When I started as a laboratory immunologist more than 20 years ago, the major focus in MS research was searching for ways to turn off the destructive immune attacks. These efforts paid off as there are now immune-based therapies that can help control relapsing forms of disease for many people. While researchers continue to look for ways to improve the treatment of relapsing MS, the focus in MS research is shifting to discovering strategies that stop MS progression and repair the damage that causes disability. This has relevance to people with all types of MS, but especially people with progressive MS.
In 2005 the National MS Society made significant investments into nervous system repair and protection research – and we continue to see some promising results. People are excited by the possibility, once only a dream, that we will find a way to repair damaged myelin. This is important not only for restoring function, but many believe that re-establishing the protective myelin coating on axons will shield them from further harm. As noted neuroscientist Dr. Bruce Trapp said during his presentation, “Remyelination is the best neuroprotective strategy for MS patients.”
Dr. Trapp’s team at Cleveland Clinic and others have been doing a lot of work to advance the field of nervous system repair. They have shown that new MS lesions undergo natural repair much better than older (“chronic”) ones. They’ve also reported that the problem is not a lack of cells capable of making new myelin in these old lesions, but their inability to produce new myelin, and work is now underway to figure out what the impediment is and how to jump-start the repair process.
I was intrigued by his work looking at MS lesions that straddle two different parts of the brain – the so-called white matter and the gray matter. The team found that chronic lesions in the white matter (contains a lot of myelin and the lesions can be seen on a standard MRI scan) don’t remyelinate. But chronic lesions in the gray matter (has less myelin and the lesions cannot be seen on an MRI scan), show robust remyelination – even in people living with MS into their 70’s. This opens up opportunities to compare differences in the two regions and figure out how to make the white matter repair like the gray matter. This work is already underway, as shown by a study the Trapp team presented this week at ECTRIMS.
Related to this work, Dr. Larry Sherman and colleagues at the Oregon Health and Science University found that fragments of a molecule called hyaluronic acid (HA for short) accumulate in chronic white matter lesions and could be at least partially responsible for the stalled remyelination. They have identified an enzyme that chews up the HA into fragments and have shown that inhibitors of this enzyme promote remyelination. They are now trying to figure out exactly how this works, in hopes of developing treatments that promote remyelination.
While originally studied for their anti-inflammatory activity, increasing evidence suggests that female sex hormones might be neuroprotective and/or promote repair of myelin. I saw two very interesting presentations reporting that different estrogen-like molecules could stimulate production of new myelin. Both of these projects are being supported by the Society.

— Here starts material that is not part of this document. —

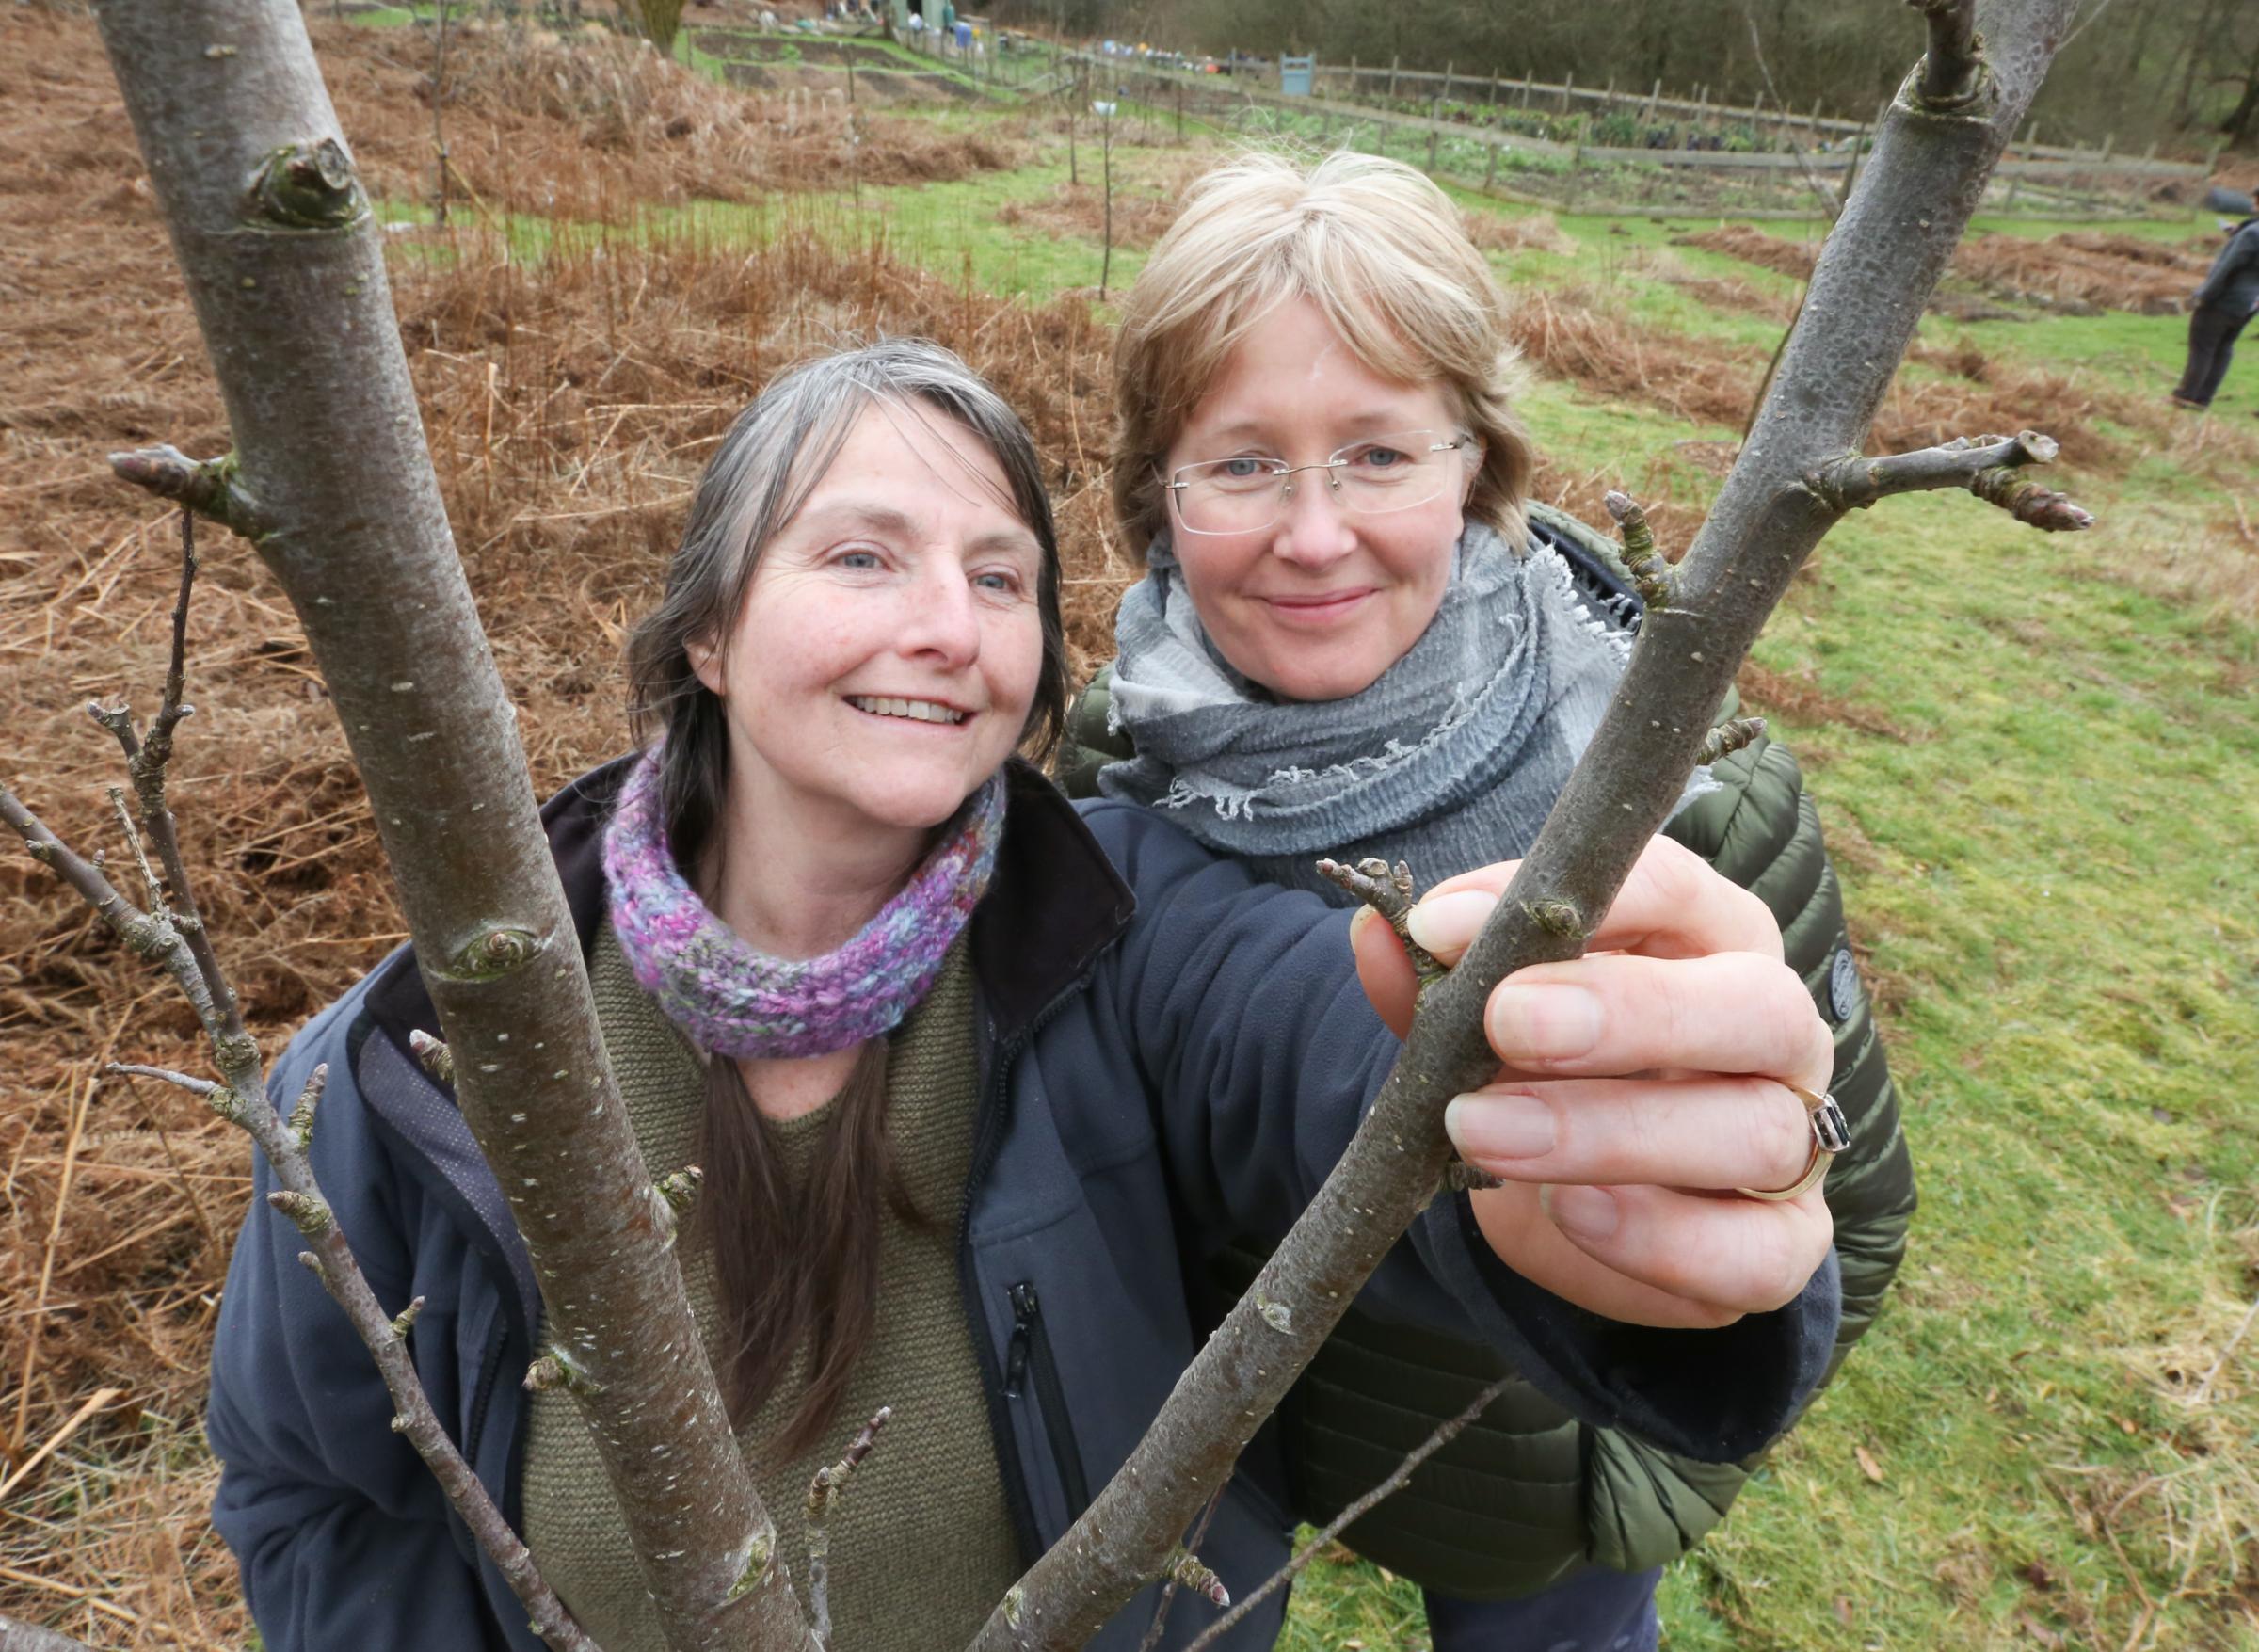 'A little piece of heaven' - go behind the scenes at Flintshire's community garden project

Another strategy to repair myelin in MS is to introduce new repair cells into the system via transplantation. Of note was a presentation by investigators from Milan, Italy, who used mouse skin stem cells and forced them to become myelin-making cells. As in previous studies of this type, after these cells were infused into the spinal cord, they promoted recovery in mice with the MS-like disease EAE. The team showed that these cells didn’t actually make myelin themselves, and they’re starting to identify the growth factors they release, which stimulate natural repair and also reduce inflammation. More work is needed, but this type of research gives hope that this strategy may eventually help restore lost function.
Updates on two repair therapies already being tested in human clinical trials were also presented this week. The first is called anti-LINGO. LINGO is seen in neurons and myelin-producing oligodendrocytes, and blockading this protein with anti-LINGO has been shown to promote remyelination in animal models. An investigative team from Biogen Idec reported that anti-LINGO was well tolerated in people and that no negative effects were seen in the nervous system using MRI scans. This means the company will likely keep pursuing clinical development of this promising repair candidate.
In other exciting news, investigators from the Mayo Clinic are developing an agent called rHIgM22 that has been shown to promote extensive remyelination in several different animal models of MS. This agent is now in early clinical trial testing in MS.
There was a lot of strong work presented at ECTRIMS representing progress in understanding what drives myelin destruction and nerve degeneration in MS, which are key factors underlying progressive forms of the disease. We’re not there yet, but this work holds the promise of uncovering new targets for stopping progression and stimulating repair.